From the other side of the counter, Tom frowned at me. “Isn’t that a matter of semantics?”
“No, it’s a broader category. I had two best friends. But there are three people I love.”
“Aunt Nancy.”
“I think so. I’ve tried calling her hotel twice, but there’s no answer. Detective O was supposed to interview her sometime today. Of course, Detective Warren gave those orders before she knew O’s true identity.” I made another sideways move. Almost at the end of the counter, where in two steps, I could lunge around, reach him where he stood in the kitchen.
My hands, shaking harder. My throat tightening, forcing me to swallow, take deep breaths.
Everyone has to die sometime. Be brave.
All these years later, my mother was coming for me. That’s how it felt on some level. In a way I didn’t understand yet, she had won, and I had lost, and twenty years later she was still making me pay.

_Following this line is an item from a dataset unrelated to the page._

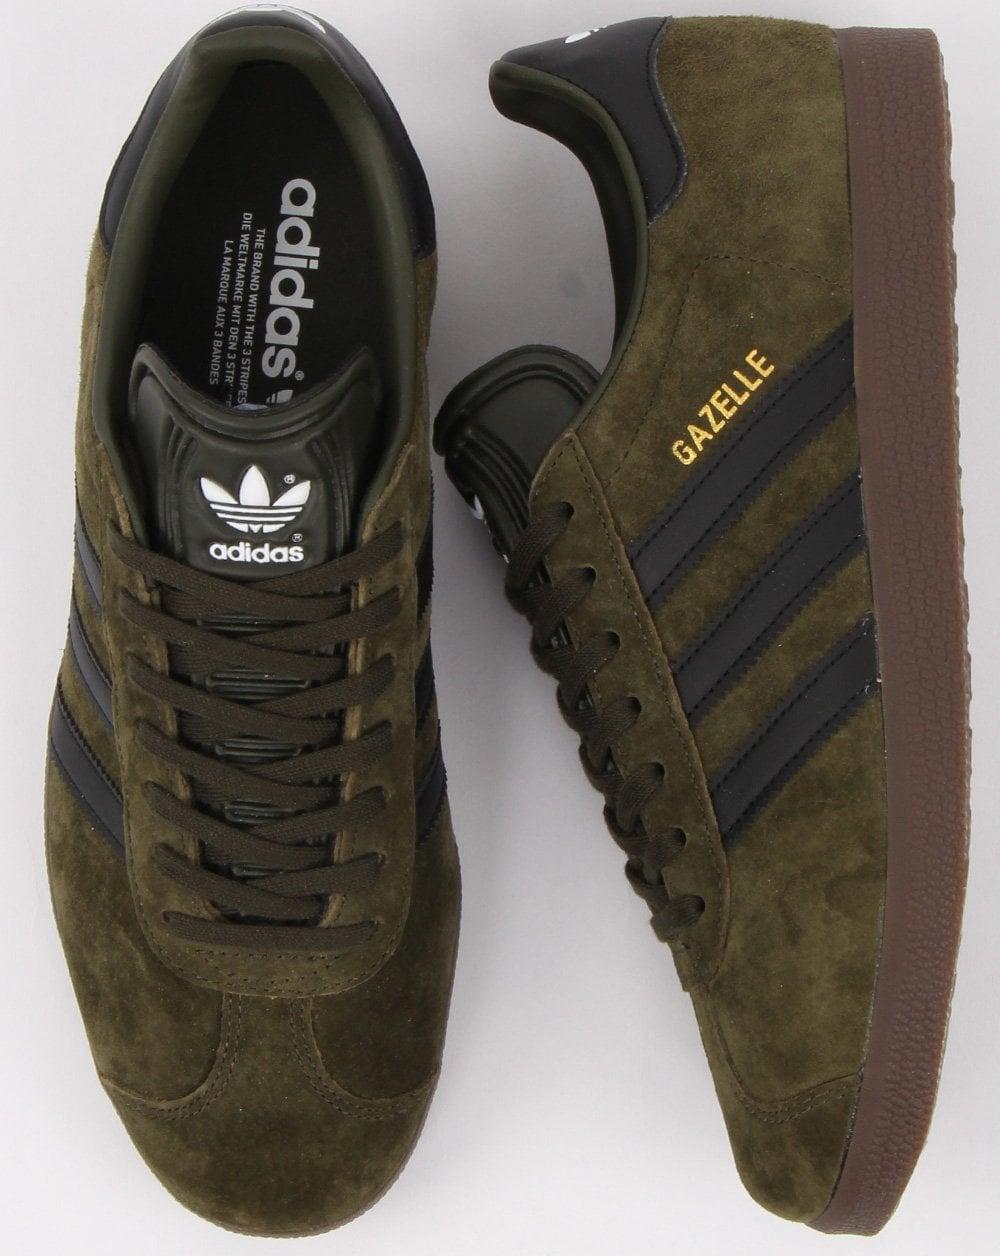 quality design 79b3c e1049 Adidas Gazelle Trainers Night Olive   Black gum

Except I wasn’t a little girl anymore. I wasn’t going quietly into that good night.
I had learned my lessons. I was prepared to die. But more than that, I was prepared to fight.
“You sure this Abigail is going after your aunt?” Tom was asking now. “Because you still have only two victims for analysis. And if this detective is your long-lost sister seeking revenge, still makes sense she’d go after you.”
“If all she wanted was to kill me, she could’ve done that in the beginning. Knocked on my door and told me her name. I would’ve let her inside, Tom. I would’ve stood there and willingly let my baby sister place her hands around my neck and squeeze. But she didn’t. She went after my friends. She doesn’t want me dead. She wants me to suffer. Probably, just like she has.”
“That why she framed you? Gonna kill your friends, your aunt, then get you tossed in jail?”
I shrugged, hoping it looked casual as I executed my final sideways shuffle. “I think the framing thing was just to buy time. It got me isolated and on the defensive, making it even easier for her to go after my aunt.”
“All right,” Tom said decidedly. “Where’s your aunt staying? We’re on our way.”
“I don’t think so.”
“I can call for backup. We make up an excuse. Burglary in progress, a fire, hell code the living daylights out of it, get the place crawling with uniforms. That’ll set her back on her ass.”
“I don’t think so.”
He picked up his keys, ignoring me completely, as I knew he would do.
“Got a surprise for you—” he started.
I lunged around the end of the counter. Two steps, half pivot, left hand up, eye-to-eye with my opponent. Jab, jab, jab to his nose, fingers curled tight, thumb to knuckles. Tom didn’t get his hands up. He didn’t defend himself against this surprising attack from a girl. He didn’t defend himself against me.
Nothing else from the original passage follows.